**Your objective**
Leaving out all pictures, return exactly the lines from the one that contains "Bettwäsche-Set aus vorgewaschener" through the end of the data below.

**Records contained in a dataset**
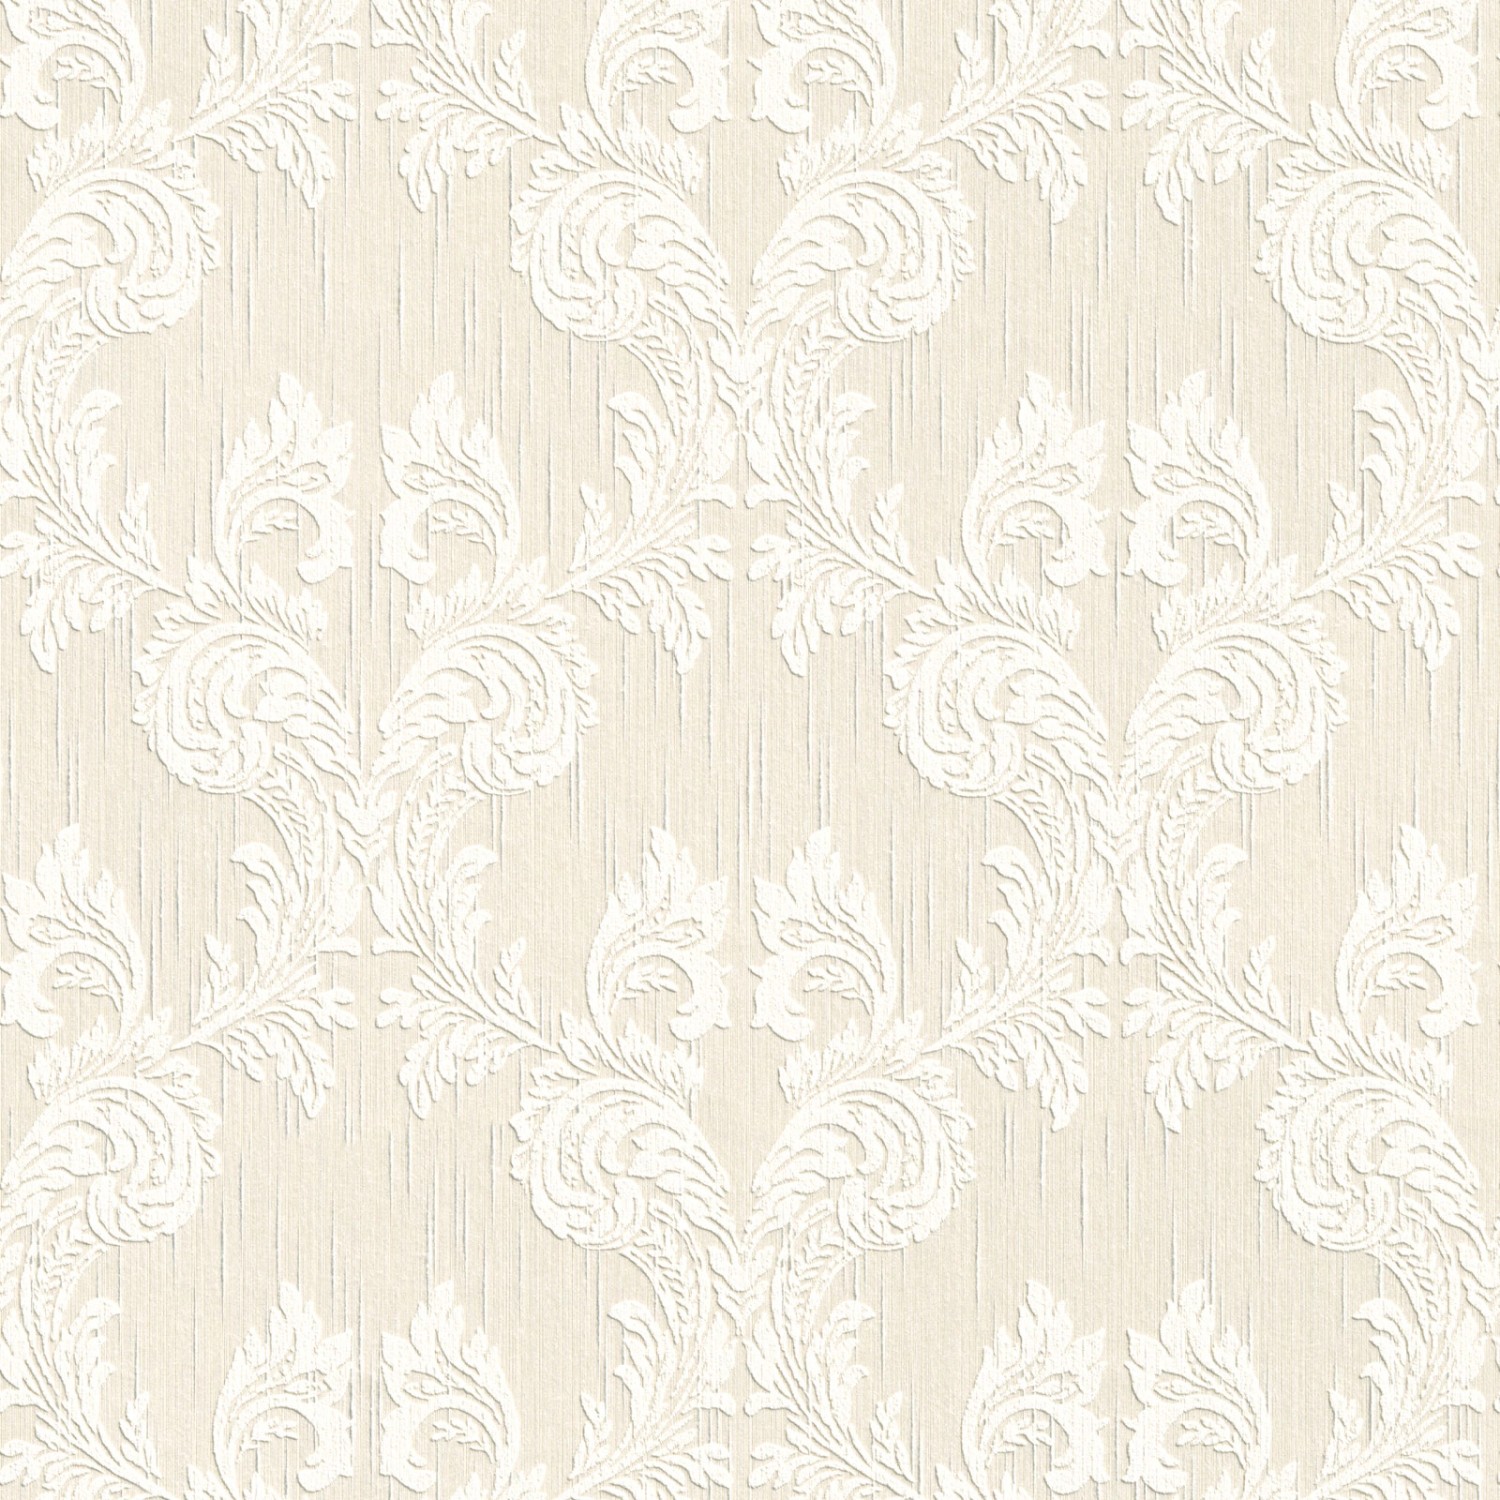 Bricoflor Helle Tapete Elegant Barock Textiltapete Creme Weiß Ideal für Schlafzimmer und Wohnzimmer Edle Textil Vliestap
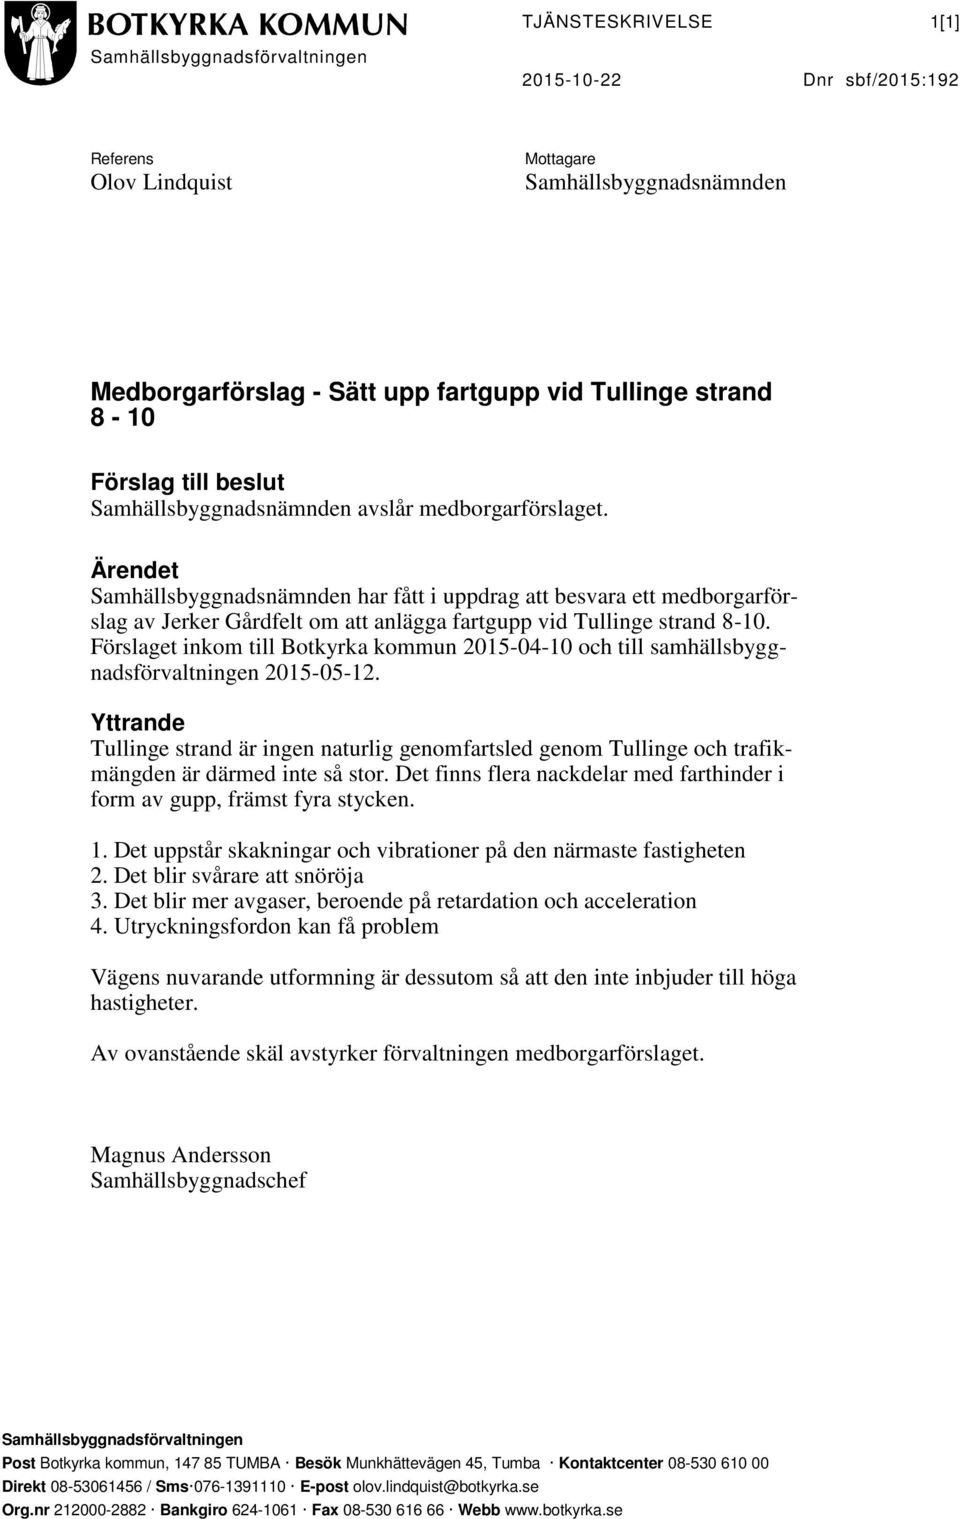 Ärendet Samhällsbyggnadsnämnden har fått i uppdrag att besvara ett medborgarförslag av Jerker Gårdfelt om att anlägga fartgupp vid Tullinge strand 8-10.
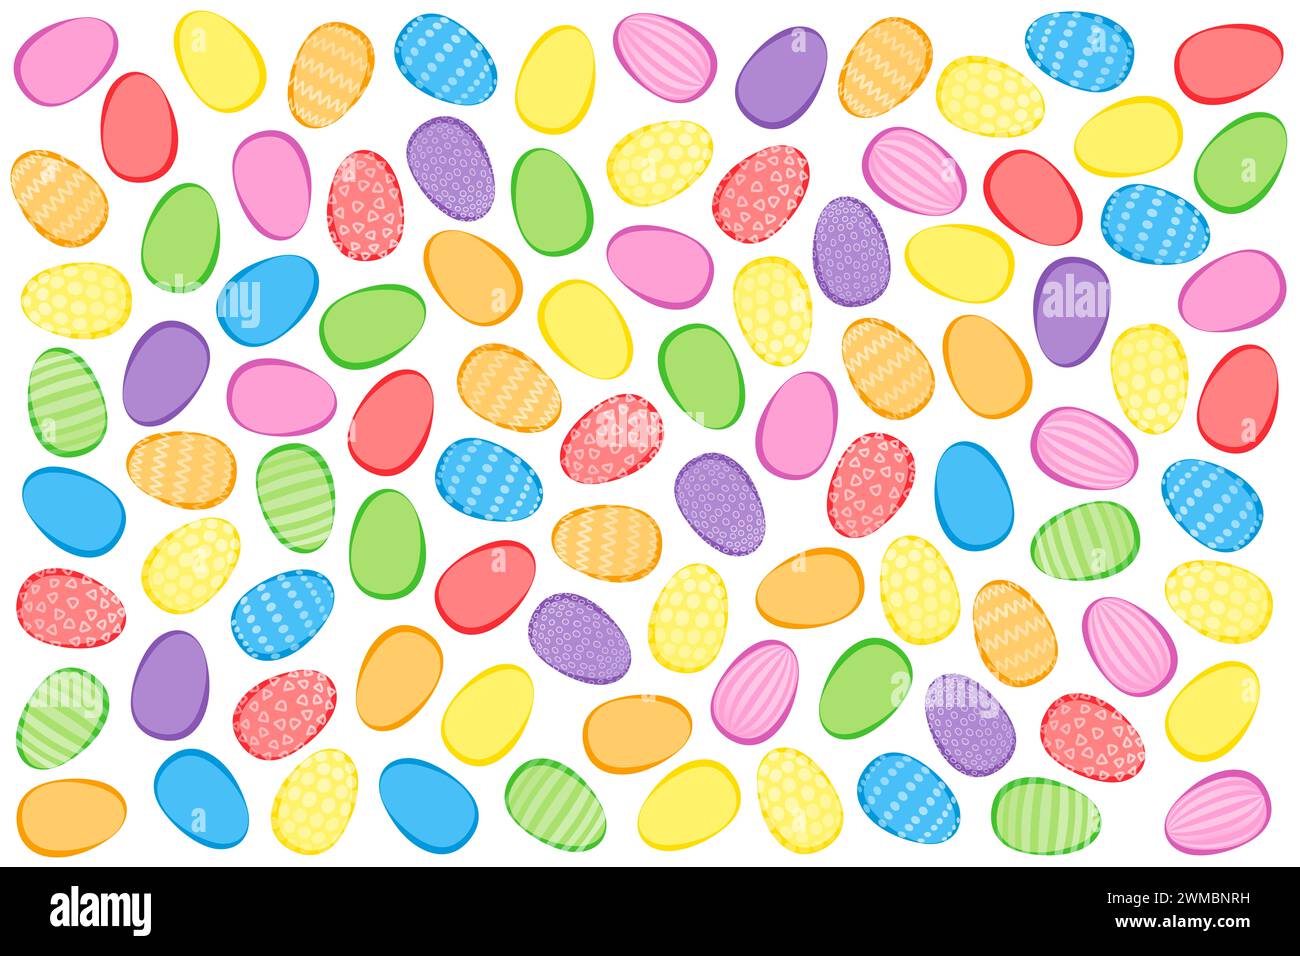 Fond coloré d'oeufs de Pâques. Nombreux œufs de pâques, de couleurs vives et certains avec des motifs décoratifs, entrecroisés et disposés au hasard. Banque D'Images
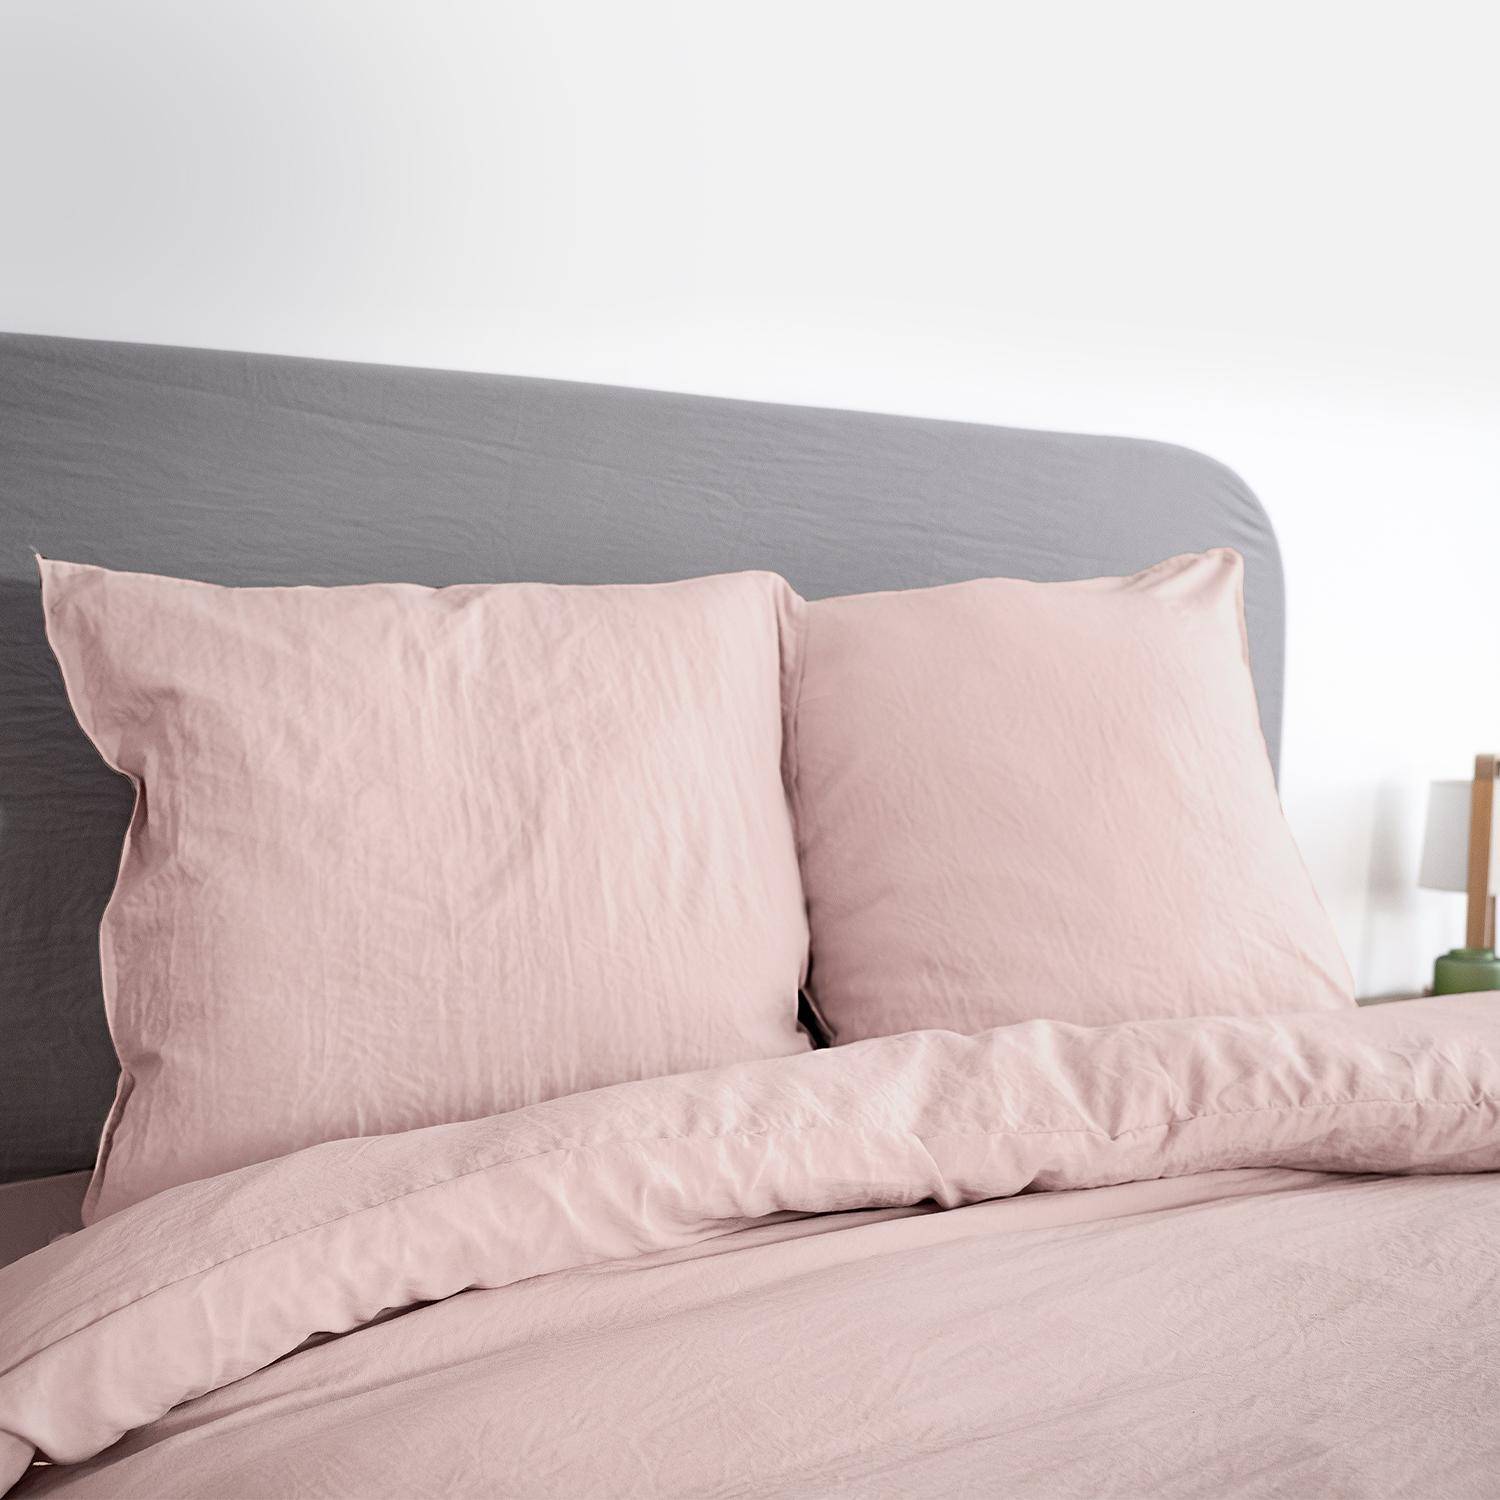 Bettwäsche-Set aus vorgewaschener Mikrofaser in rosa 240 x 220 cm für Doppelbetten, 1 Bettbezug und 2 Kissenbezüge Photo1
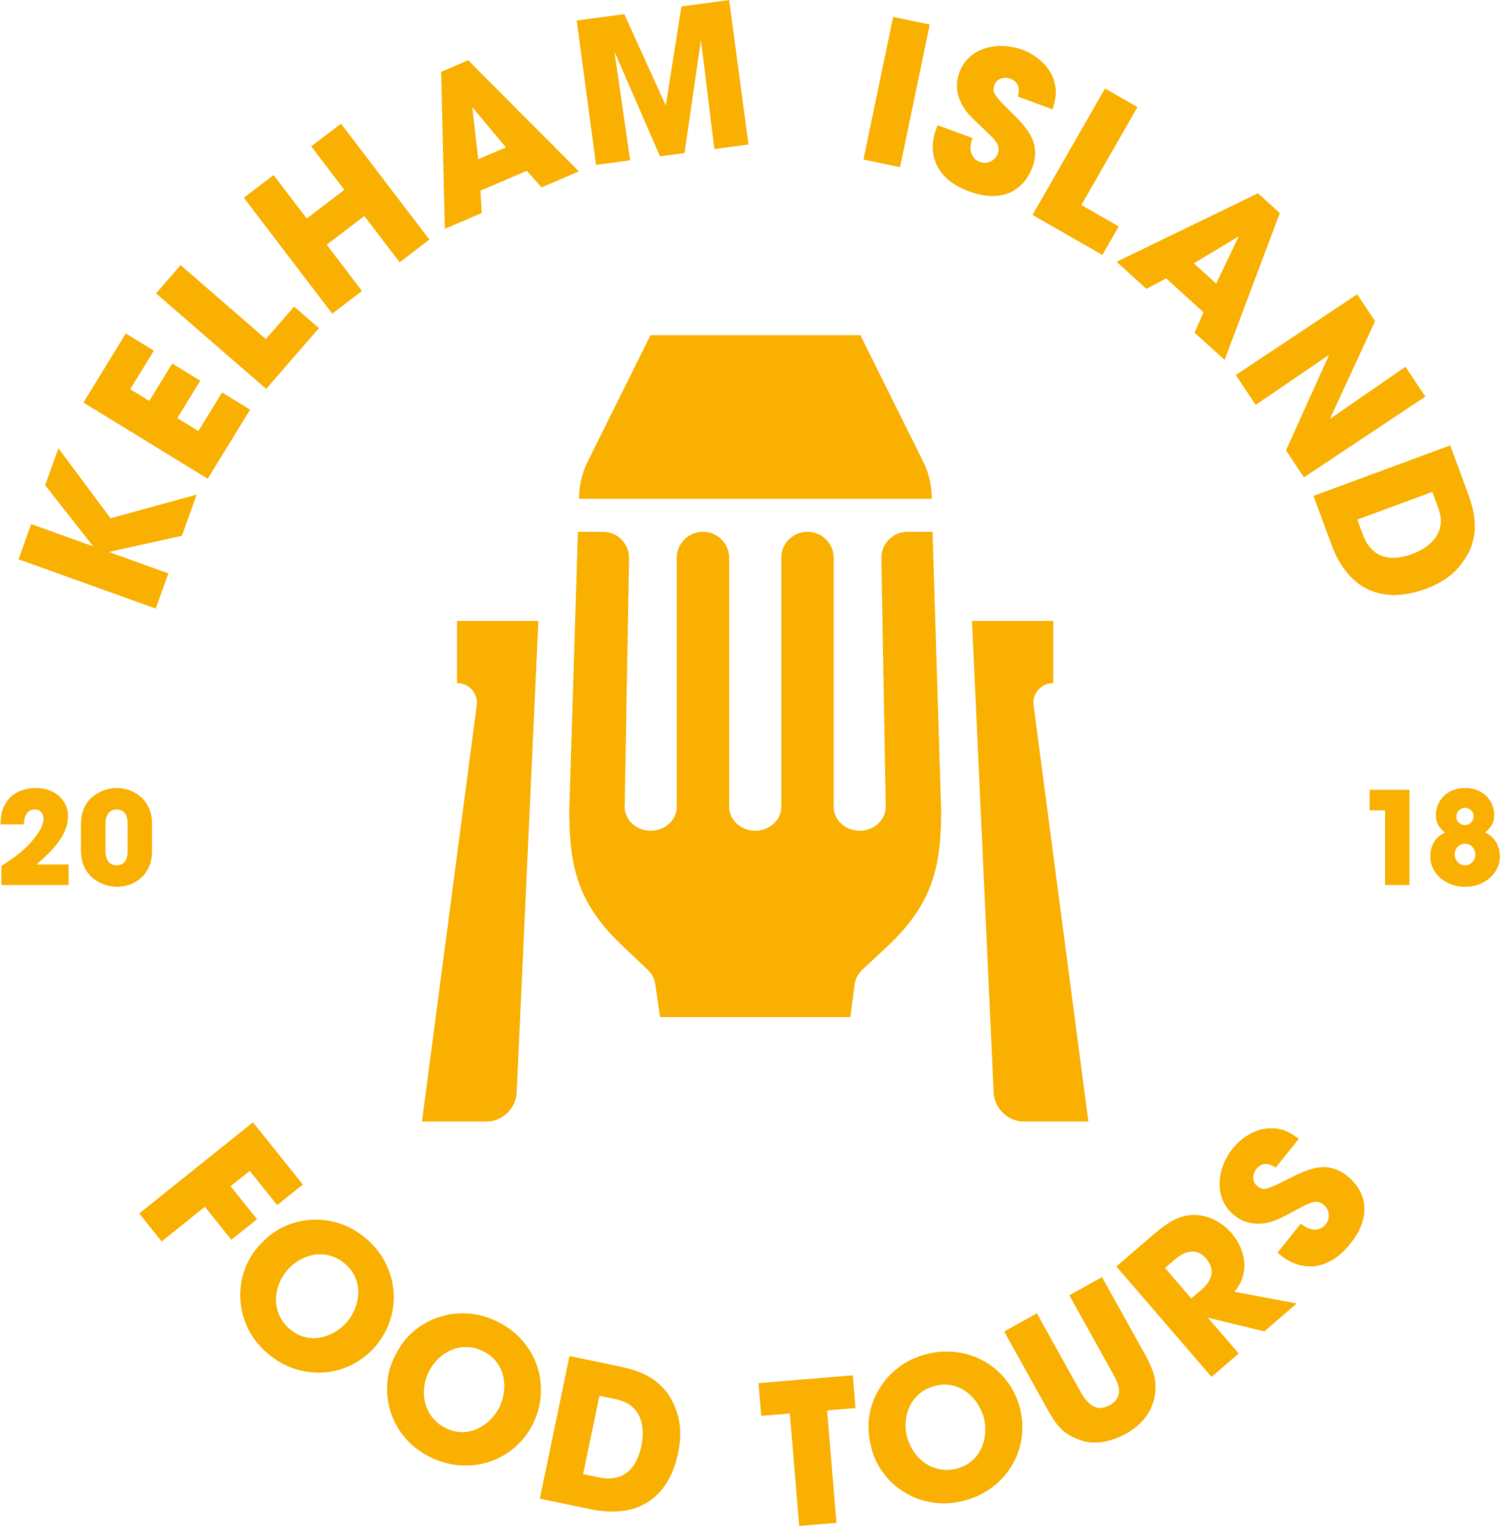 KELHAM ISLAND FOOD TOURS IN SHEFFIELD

**Answer to this task**
 Bettwäsche-Set aus vorgewaschener Mikrofaser in rosa 240 x 220 cm für Doppelbetten, 1 Bettbezug und 2 Kissenbezüge Photo1
 KELHAM ISLAND FOOD TOURS IN SHEFFIELD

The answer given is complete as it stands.